We suggest a third, ‘Canadian way’.

In 1944, The Canadian government and recently formed Central Bank faced an enormous reconstruction challenge. One of the solutions was to create a new public bank – the Canadian Industrial Development Bank (IDB) – to support an SME sector desperate for funding with WWII having just ended.

Where was the money to come from given sky-high public deficit? The answer was simple: the Central Bank used its power of money creation to capitalise the IDB which would then lend to SMEs as needed. From 1944-1972, the IDB authorised 65,000 loans totalling $3 billion for 48,000 businesses, employing almost a million people.  Not a single penny of taxpayers’ money was needed.

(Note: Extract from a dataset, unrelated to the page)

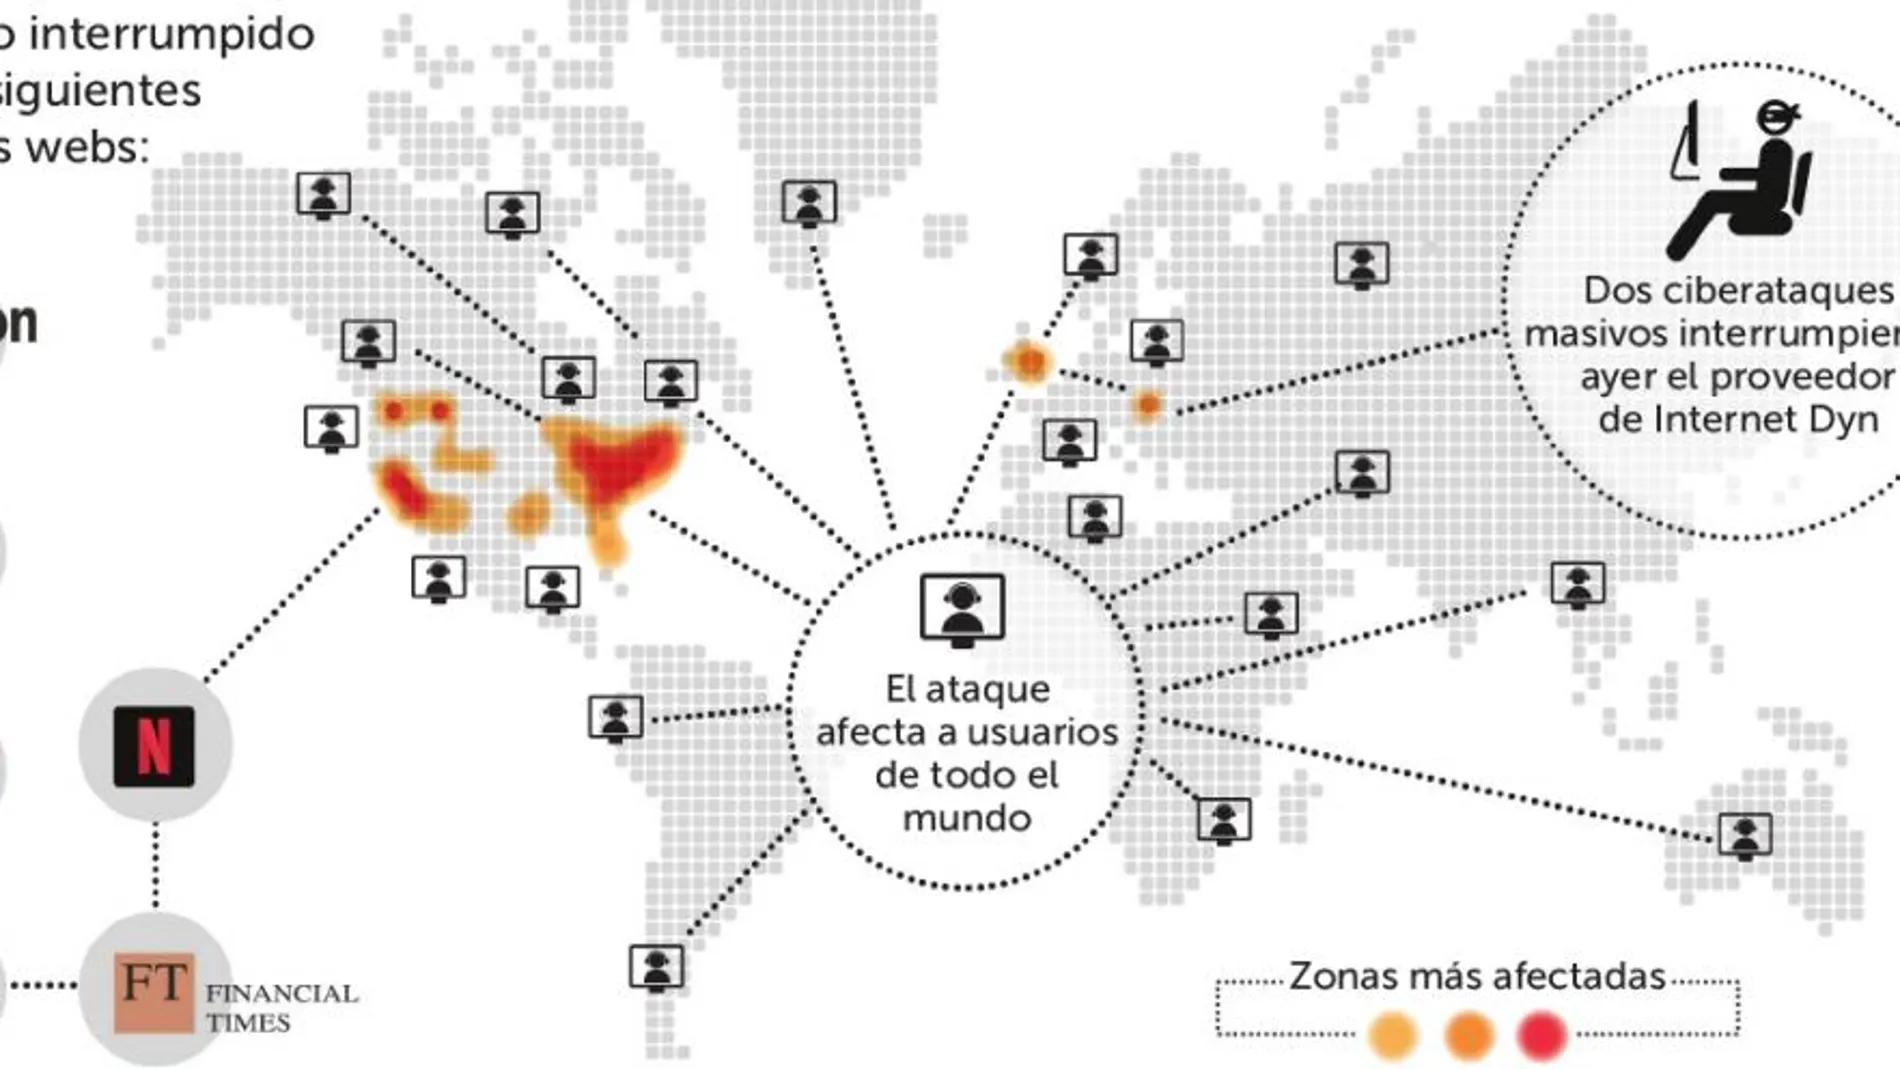 En un ataque DDoS, los piratas informáticos intentan saturar las respuesta de servidores con una oleada de demandas de acceso falsas

Today we’ve released a new report, arguing that the Canadian example should be adopted and taken further. Instead of buying government bonds and relying on financial markets and our sickly banking sector, the Bank should use its power of money creation to buy assets in intermediaries with a remit to invest in the real economy: bonds in the Green Investment Bank and British Business Bank, financing the Green Deal or capitalising a Public Interest Company to build much needed affordable and social housing.

Even with no additional QE purchases, a total of £100bn of QE purchased government bonds will come up for renewal in the next 5 years, equivalent to the government’s entire capital spending plans over the same period, announced last week by Danny Alexander. 

How to achieve this whilst maintaining the Bank’s independence on monetary policy? Create a new body – the Monetary Allocation Committee (MAC) – that would be in charge of deciding how best to distribute Bank of England QE money. The Monetary Policy Committee (MPC) would remain in charge of the quantity of Central Bank money created, retaining its primary inflation remit. The MAC would staffed by independent experts but accountable to the Treasury and Parliament rather than the Bank, given its more fiscal remit. 

The fact is that the Bank of England, through schemes like Funding for Lending and the Financial Policy Committee is already blurring the line between monetary and fiscal policy.  Our proposal makes the division transparent and democratically accountable.

The result would be win-win-win: create sustainable growth and jobs, boost productivity and boost exports, all without increasing the public debt. What’s not to like?